La medesima formula, in alcune frazioni, era pronunciata il primo dell’anno, quando, per propiziare abbondanza per tutto l’anno, veniva preparata in casa pasta all’uovo per il pranzo di capodanno.
“Strascinati”: «Era il nome vernacolare dato a un piatto di vermicelli (penghi) ottenuti con farina, acqua e sale, saltati in padella con guanciale, salsicce fresche, uova e cacio pecorino (secondo Ansano Fabbi, che attinge a un’antica cronaca, la ricetta fu inventata nel 1494 dalle donne di Monteleone per sfamare i capitani delle truppe che avevano invaso il castello)». (Chávez 2012: 152-154).

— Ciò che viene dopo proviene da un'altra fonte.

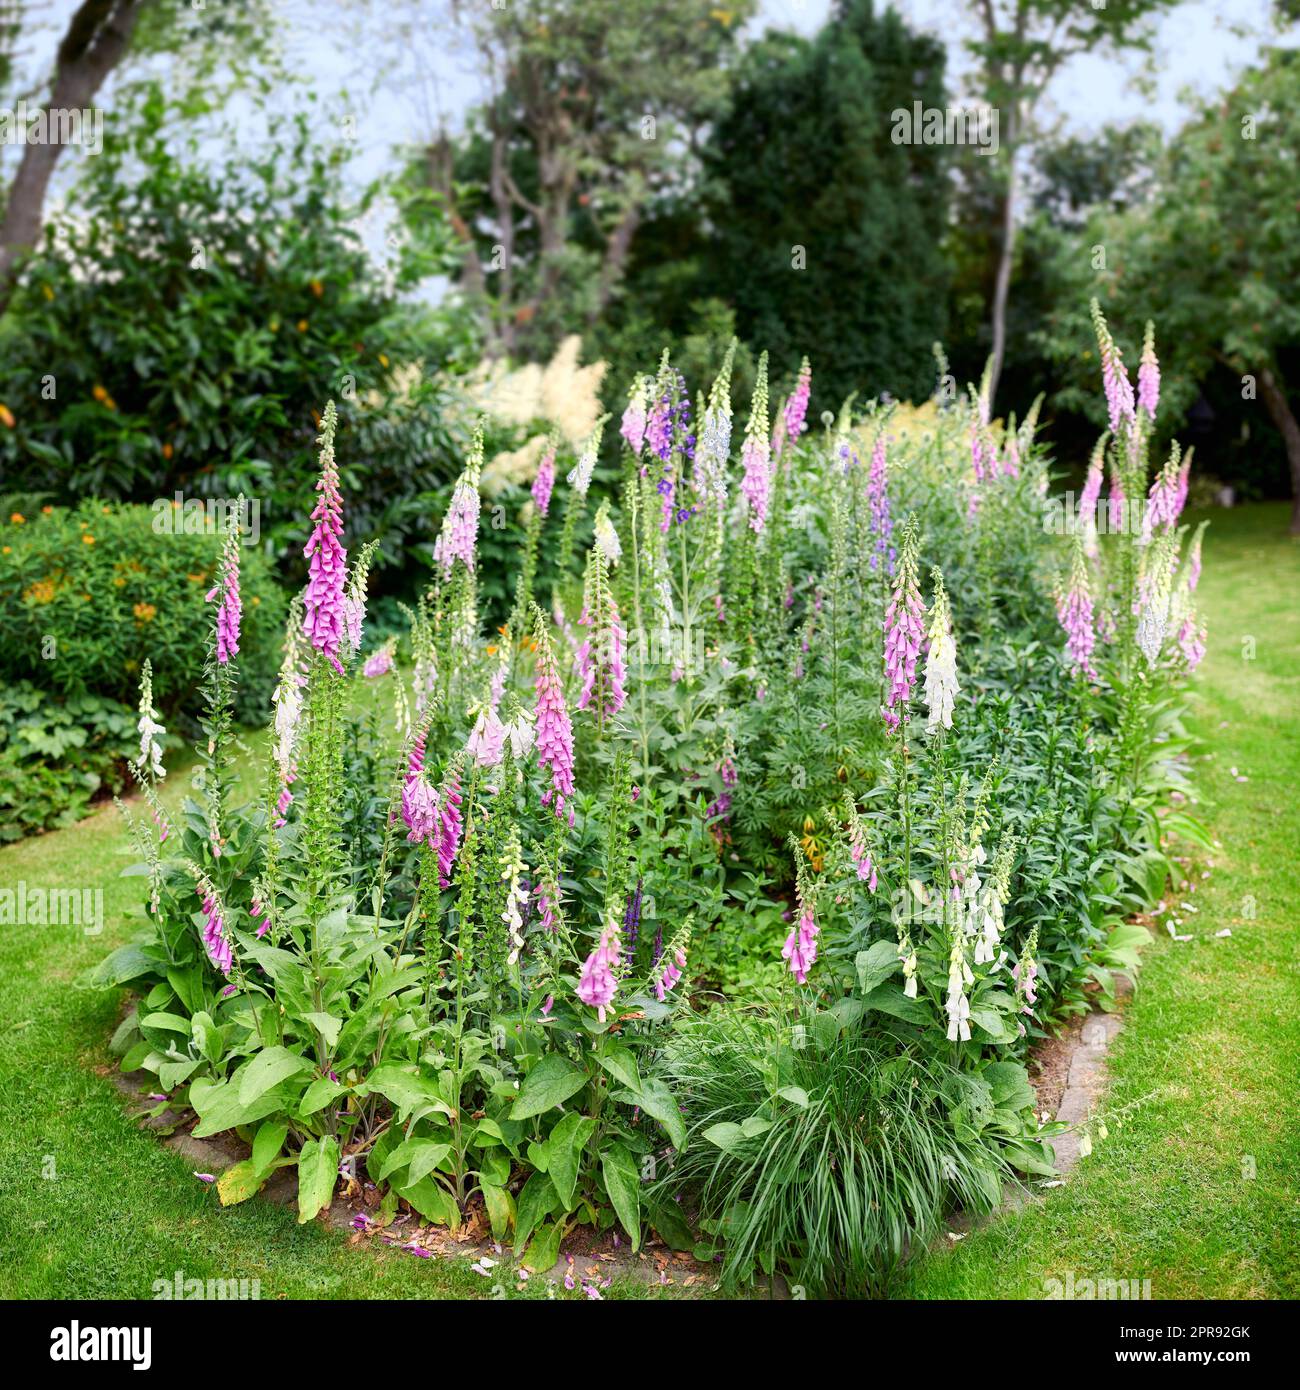 Foxhandschuhblumen wachsen in einem grünen Park. Mehrjährige lila Blütenpflanzen gärtnern, die als Dekoration in einem gepflegten Garten oder einem gepflegten Hinterhof angebaut werden. Farbenfrohes Blumenbeet auf einem Rasen Stockfoto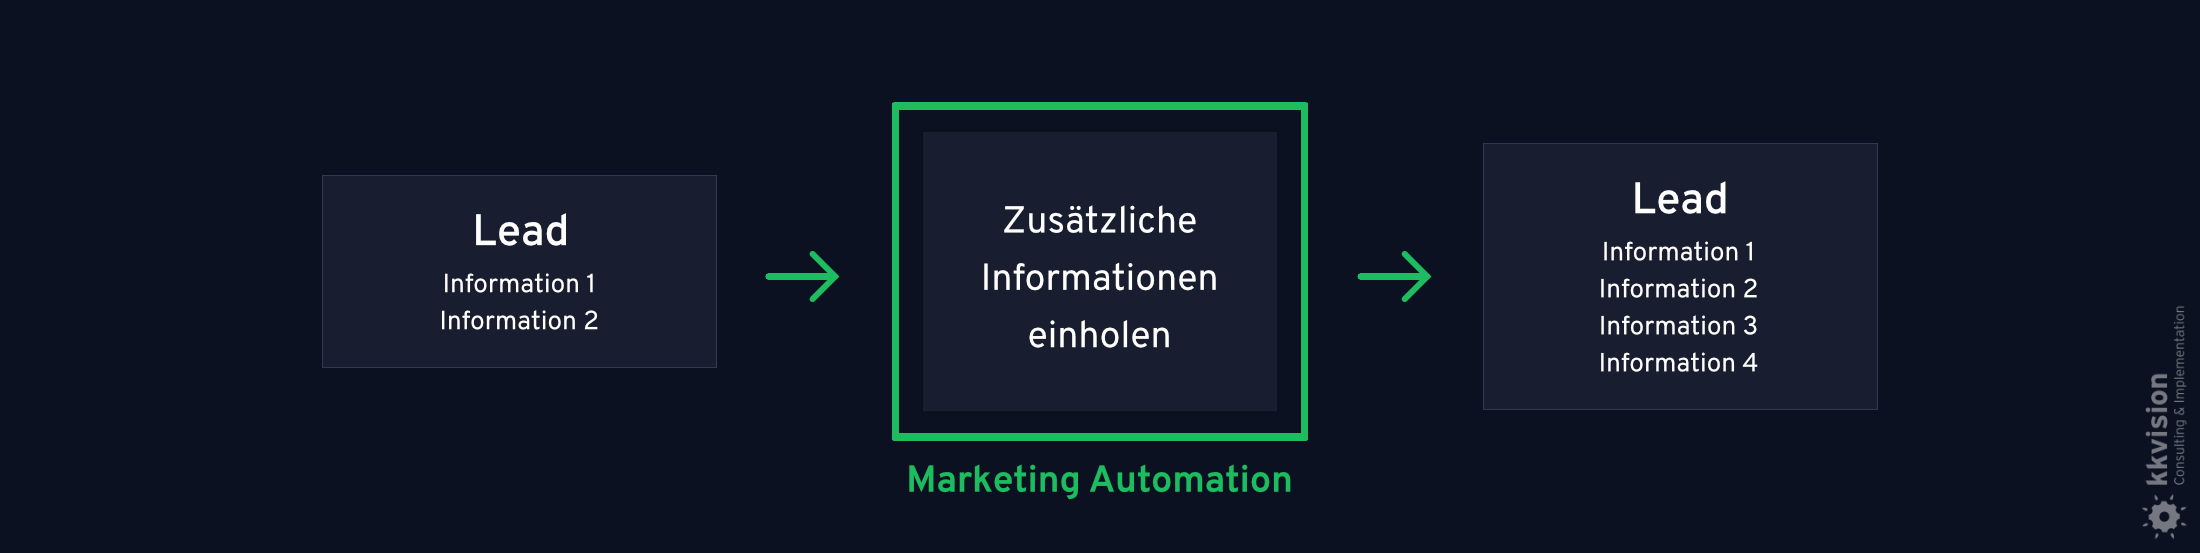 B2B Marketing Automation_6

La cucina rurale della Valnerina, poco o nulla differisce da quella del contado di Leonessa. I suddetti modi umbri di tagliare la pasta fatta in casa vanno integrati con quelli usati a Leonessa. Qui i “tajulini” erano preparati arrotolando la pasta sul matterello fino ad avvolgerlo del tutto. Una volta avvolto, si tagliava per lungo la sfoglia e, srotolandola, si otteneva una striscia larga circa quattro o cinque centimetri. Tagliandola nel senso della larghezza, si ottenevano striscioline lunghe quanto la larghezza della sfoglia, larghe circa mezzo centimetro. Le “fettuccine”, invece, erano ottenute ripiegando varie volte su se stessa tutta la sfoglia e quindi tagliandola in striscioline larghe circa un centimetro. Ottenuti dei cannoli a sezione rotonda, con un diametro da tre e cinque mm. circa, li si tagliava, o spezzava a mano, ottenendo segmenti di una decina di centimetri di lunghezza. Anche in Umbria, come a Leonessa, i maltagliati erano chiamati “fregnacce”.
Salse per condire la pasta: “lu sugu”.
Le varietà di salse nella cucina leonessana non erano molte. Per la loro preparazione, quando si usava la carne, s’impiegava carne di porco o di pecora. Vi è da dire che, nella cucina rurale, l’uso della pastasciutta soddisfaceva le esigenze di un’economia strettamente autarchica dal momento che sfruttava essenzialmente risorse alimentari prodotte dal nucleo famigliare: la farina di grano, le uova, la carne. Per quanto riguarda il pomodoro, il suo uso entrò abbastanza tardi nella cucina rurale sotto forma di concentrato di pomodoro (“la conserva”). Dato il clima, gli orti famigliari di Leonessa non producevano pomodoro, o almeno non pomodori da sugo. Il concentrato di pomodoro ottenuto in casa era sconosciuto alle massaie leonessane, come pure a quelle umbre delle zone montane, le quali compravano allo spaccio alimentare “la conserva” in quantità sufficienti alla preparazione della salsa. Il concentrato di pomodoro veniva venduto sfuso calcolando la quantità con la cucchiaia di legno e depositando il contenuto su carta oleata. In alcune zone, come in certi paesi della Valnerina, si barattavano uova in cambio di concentrato: “du’ ova de conserva” equivalevano al contenuto di una cucchiaia di legno (circa 50 gr.) barattata in cambio di un paio di uova. Disciolta la conserva in acqua, la si versava sopra il battuto di lardo e cipolla, oppure si preparava la salsa con pezzetti di carne, o salsicce e concentrato di pomodoro. L’uso del sedano e della carota fu adottato in tempi relativamente recenti.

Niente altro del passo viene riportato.